Quem tomava as rédeas da articulação política, por enquanto, é Paulo Guedes que já se reuniu com nomes importantes como o presidente da Câmara dos Deputados e do Senado Federal para iniciar esse processo. Ao seu lado, também estava o Secretário Especial da Previdência e Trabalho, Rogerio Marinho, nome visto como vital, uma vez que se encaixa mais em um quadro de composição de maioria. Vale deixar claro que Onyx Lorenzoni se sente muito ameaçado, como foi noticiado pelo jornalista Lauro Jardim, diante das possibilidades de ataques parecidos com o que culminou na queda de Bebiano. Além disso, da Virgínia, EUA, o guru ideológico do governo, Olavo de Carvalho, ataca uma série de aliado, tendo como caso mais recente o do vice-presidente General Mourão e o Ministro da Secretaria do Governo, General Santos Cruz. A divisão entre a Ala Anti-Establishmet e a Ala Militar pode fazer com que o governo tenha que sangrar ainda mais a reforma para a sua aprovação. Contudo, Guedes e Maia já recuaram, temendo possíveis atritos com Onyx, uma vez que a articulação é seu dever como Ministro Chefe da Casa Civil.

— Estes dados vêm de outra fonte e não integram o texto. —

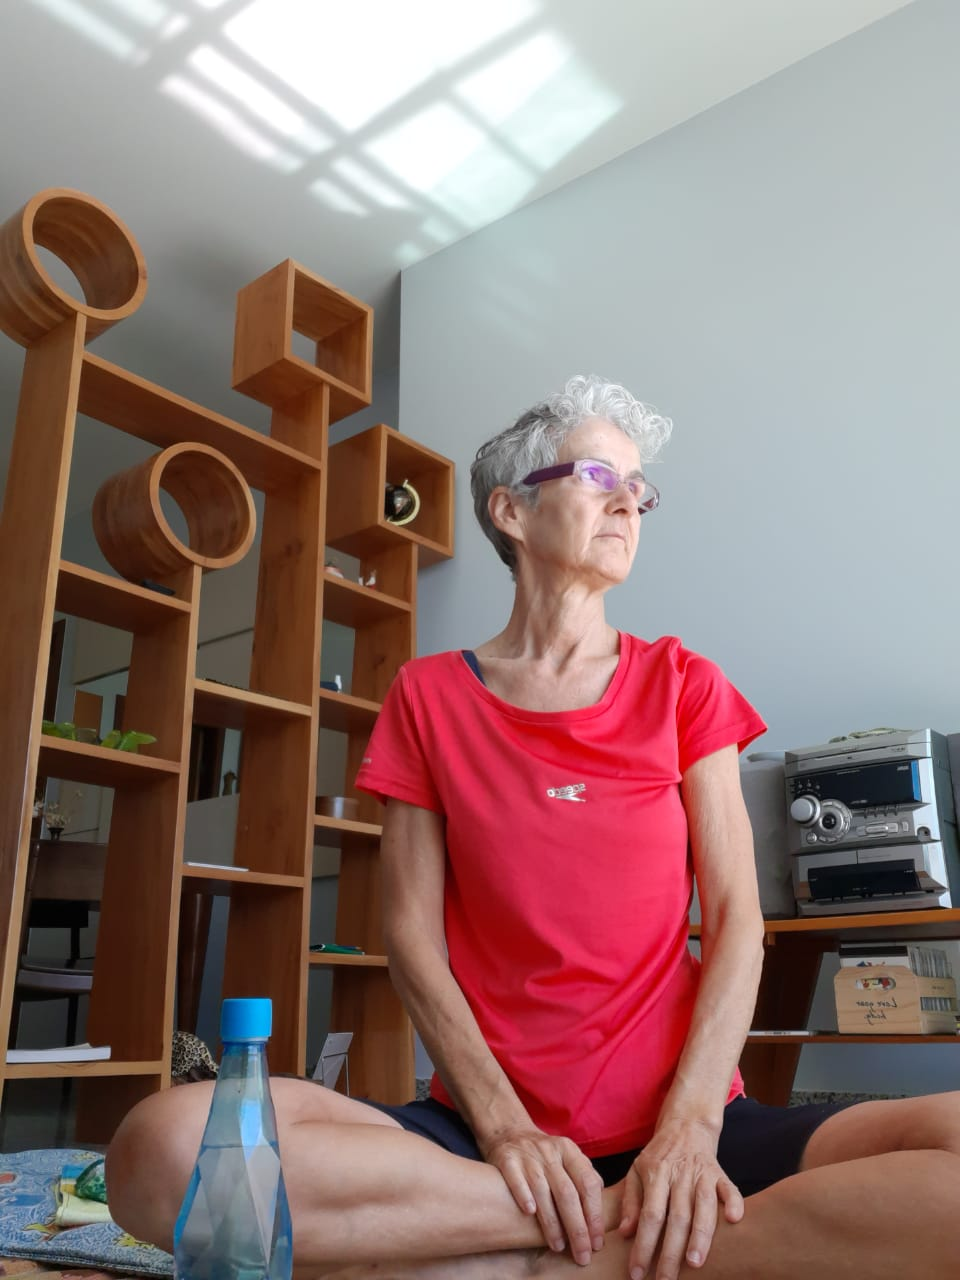 Cristina Flores Garcia, 61

Vale ressaltar a percepção dos deputados acerca da proposta apresentada. Em pesquisa publicada na terça feira, dia 09 de abril, a XP mostrou a visão dos deputados acerca da Reforma da Previdência. Dos deputados da ala governista, raio de atuação que o governo precisa focar, apenas 10% concorda com a proposta atual plenamente. 56% acha que são necessárias algumas alterações, cabendo ao governo olhar o que deve ser alterado, se preocupando em não descaracterizar a reforma, contudo sem esquecer os votos necessários. Diante dessas alterações, deve-se olhar para os deputados que acreditam ser necessárias muitas alterações, cerca de 25% da ala governista, para conseguir ali os votos finais da Reforma.

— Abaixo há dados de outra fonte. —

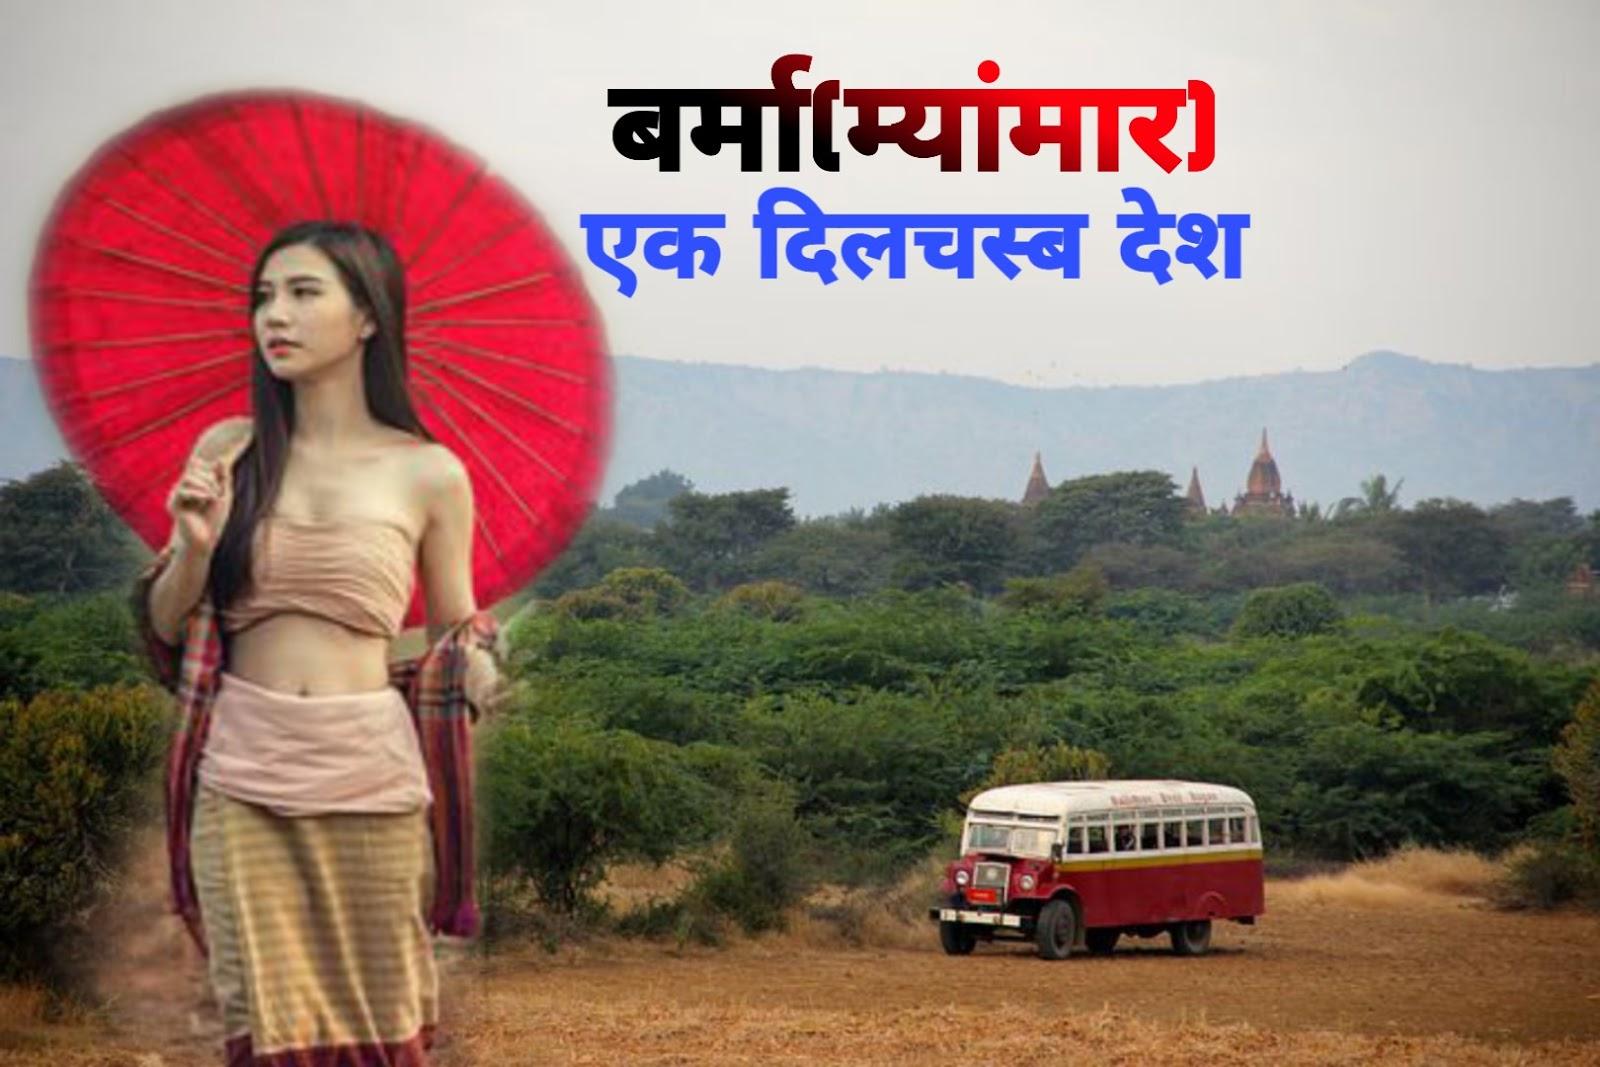 Amazing facts about Myanmar in Hindi - म्यांमार के बारे में 16 अद्बुत बाते और तथ्य

Diante da elucidação do quadro político, cabe também passar a vista no que ocorreria nos cenários possíveis. Em um quadro sem as reformas fiscais, segundo o Ministério da Fazenda, como foi defendido na publicação do “Panorama Fiscal de 2018”, de dezembro de 2018, vistas como cruciais pelo novo governo, a economia entraria em um quadro de solução inviável. O crescimento do PIB estaria perto de 0, porém na maioria dos anos sendo positivo. A inflação avançaria de um cenário perto dos 4% para um que passaria dos 7%, apesar de uma provável forte política contracionista realizada pelo Bacen, para manter a inflação minimamente controlada. Ademais, vale ressaltar a inevitável valorização do dólar frente ao real, levando o câmbio perto de R$5,00. Não contar com a Reforma da Previdência seria um cenário desastroso para o Brasil como um todo.

O futuro do país com a Nova Previdência, contudo, já seria melhor. Diante do melhor cenário fiscal do governo, a tendência seria uma retomada da confiança por parte dos investidores. Nesse cenário a retomada do crescimento seria quase iminente. O crescimento do PIB se estabeleceria na casa dos 2%. A inflação estacionaria em 3,7%, com uma política monetária menos contracionista, tendo a Selic em 8% ao invés de 13%. Por fim, o câmbio se estabilizaria na casa dos R$4,00.

O mercado, por enquanto, ainda acredita na aprovação da Reforma, como foi visto no último relatório Focus, que manteve um crescimento razoável, mantendo as previsões dos indicadores macroeconômicos muito mais próximas do segundo cenário. Esse otimismo dependerá muito de uma mudança dos nomes que cercam o chefe do executivo. Enquanto os principais aliados do presidente forem seus filhos e o assessor especial Filipe Martins, que compõem a Ala Anti-Establishment, o fracasso da articulação é inevitável. Não são nomes de composição e articulação política, mas sim, de “infantaria política”, ou seja, de embate político direto, via palanques, mídias sociais e tribuna.

Não passar uma série de reformas fiscais é um privilégio que esse governo não pode ter. Por mais impopulares que sejam, elas são necessárias para a retomada do crescimento nacional. Deve ter em mente que “existe um discurso de campanha e outro discurso de governo” e a campanha já acabou. Sem a Reforma da Previdência é impossível imaginarmos uma economia minimante saudável. Tudo passará por uma série de reformas, que não terminam na previdência. O Brasil tem duas opções claras, que passam por uma decisão do governo atual: ou ele muda a sua postura, saindo do enfrentamento, indo em direção a um comportamento de composição de maioria, ou, o governo quebra.